Alors que la Chine ne cesse d'affirmer qu'elle est plus en plus transparente en matière judiciaire, le pays maintient le plus grand secret autour du nombre d’exécution. Enquête
Malgré les demandes réitérées, depuis plus de quarante ans, de la part des Nations unies et de la communauté internationale, et malgré les engagements des autorités chinoises elles-mêmes en faveur d'une meilleure transparence, des milliers de personnes sont exécutées et condamnées à mort chaque année dans le pays.

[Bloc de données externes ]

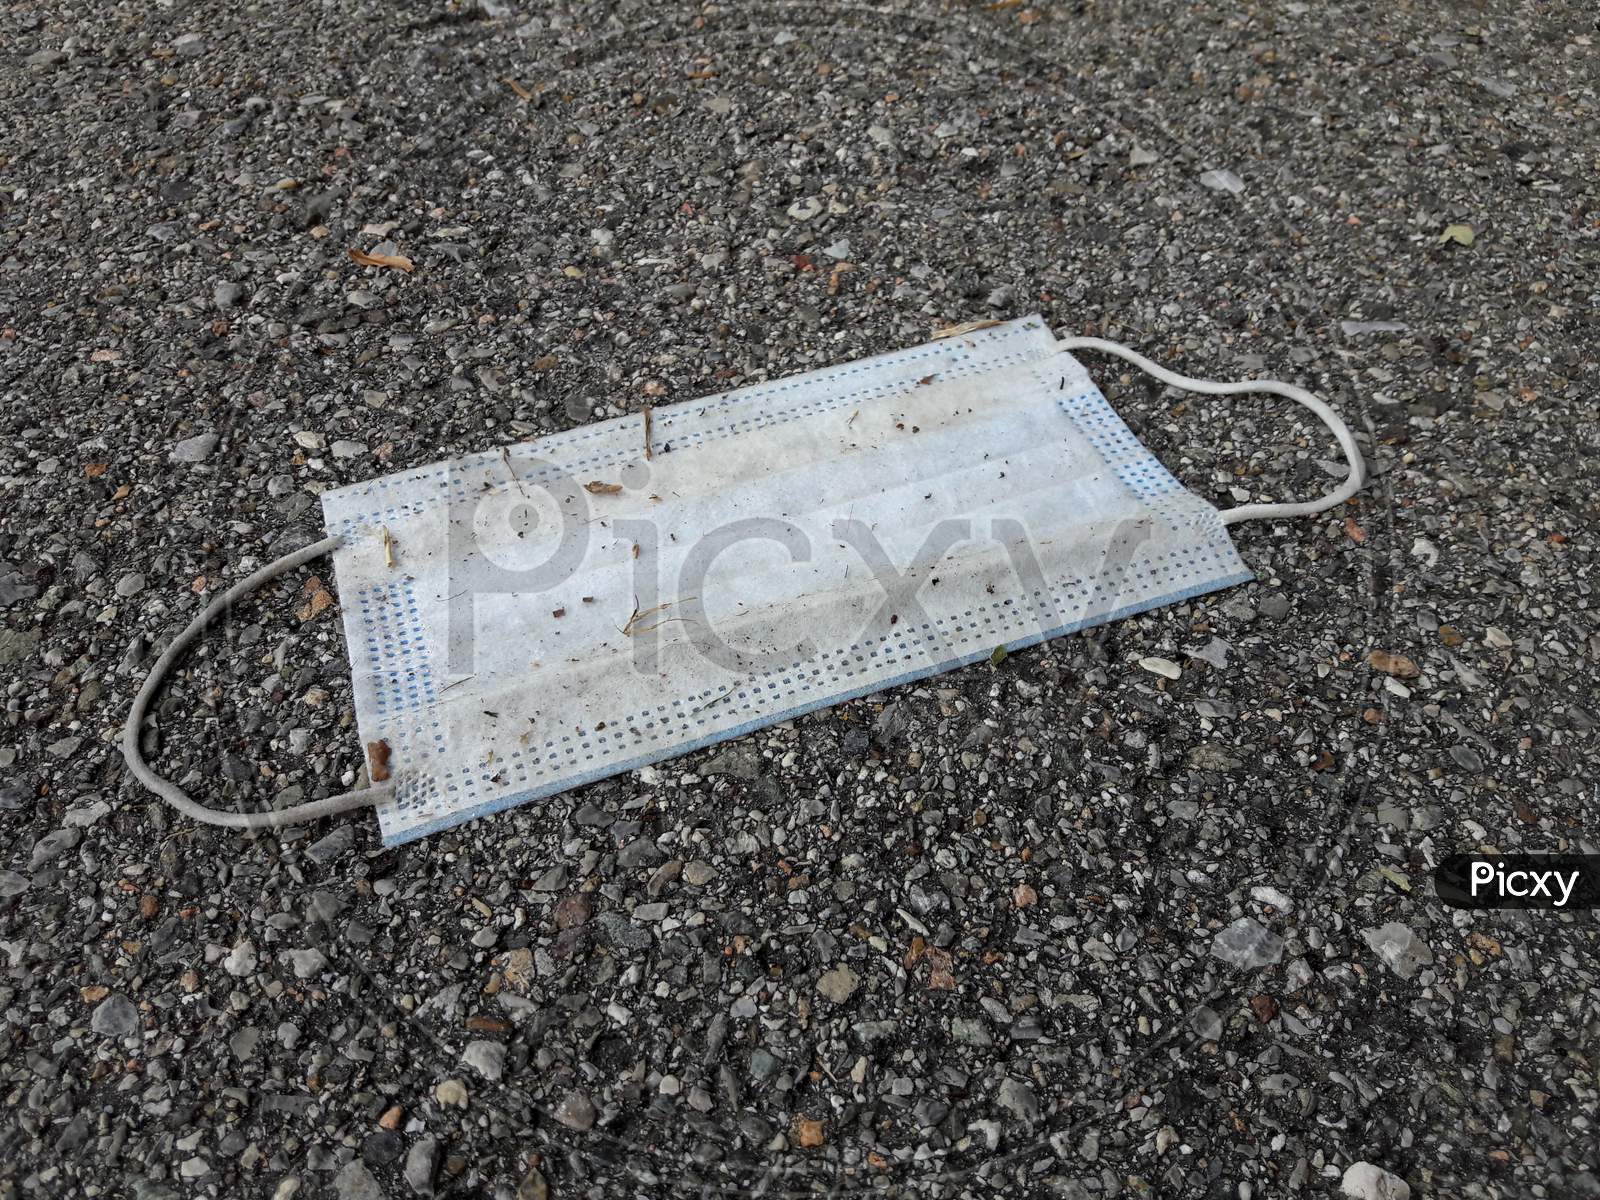 A Used Surgical Mask Dumped On Sidewalk

Des milliers d’exécutions tenues secrètes
Chaque année, nous publions un rapport sur la peine capitale, qui fournit des données chiffrées sur les exécutions et les condamnations à mort à travers le monde et analyse les grandes tendances pour l’année écoulée.

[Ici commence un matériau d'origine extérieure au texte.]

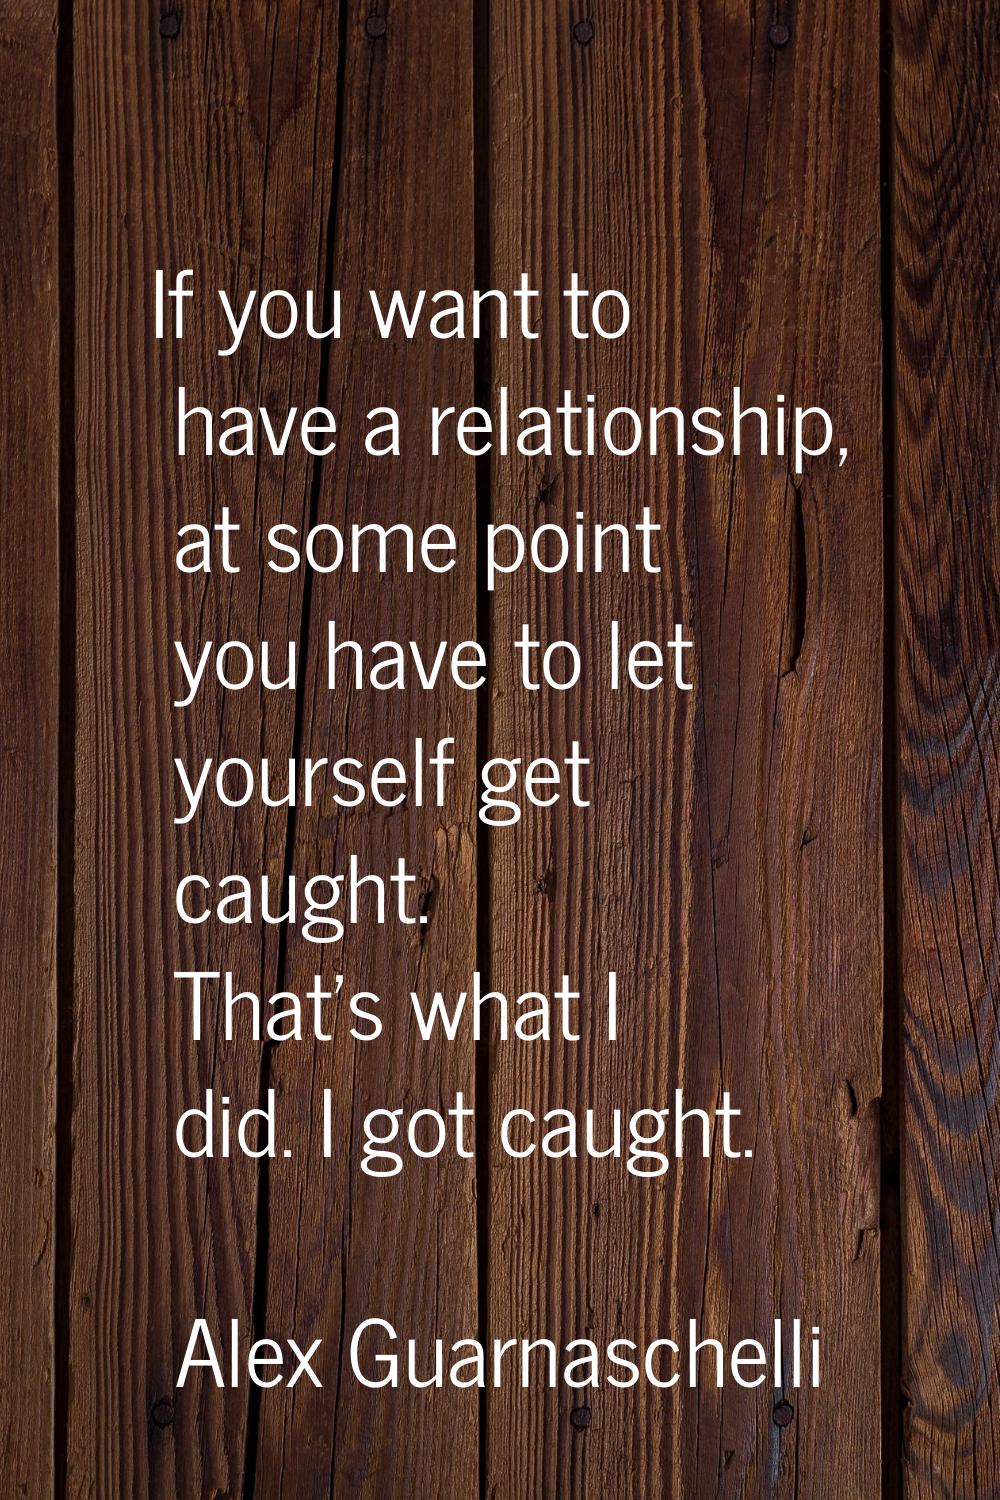 If you want to have a relationship, at some point you have to let yourself get caught. That's what

Jusqu’à 2009, ces rapports présentaient les chiffres des cas enregistrés en Chine. Toutes les statistiques relatives au recours à la peine de mort demeurant classées secret d'État dans le pays, les données étaient collectées principalement à partir de sources publiques, telles que les journaux ou les décisions de justice rendues publiques - donc très en deçà de la réalité. En 2009, nous avons découvert que les autorités chinoises utilisaient nos chiffres et les manipulaient pour démontrer l'efficacité des politiques du gouvernement visant à diminuer le recours à la peine de mort dans le pays.
Depuis nous ne cessons de mettre la Chine au défi de publier des données sur l’application de la peine de mort, ce que le pays n’a pas encore fait. D’après les informations disponibles, des milliers de personnes sont exécutées et condamnées à mort chaque année. Si l'on n'inclut pas la Chine, les États à travers le monde ont exécuté 1 032 personnes en 2016. La Chine exécuterait donc davantage de condamnés que tous les autres pays réunis.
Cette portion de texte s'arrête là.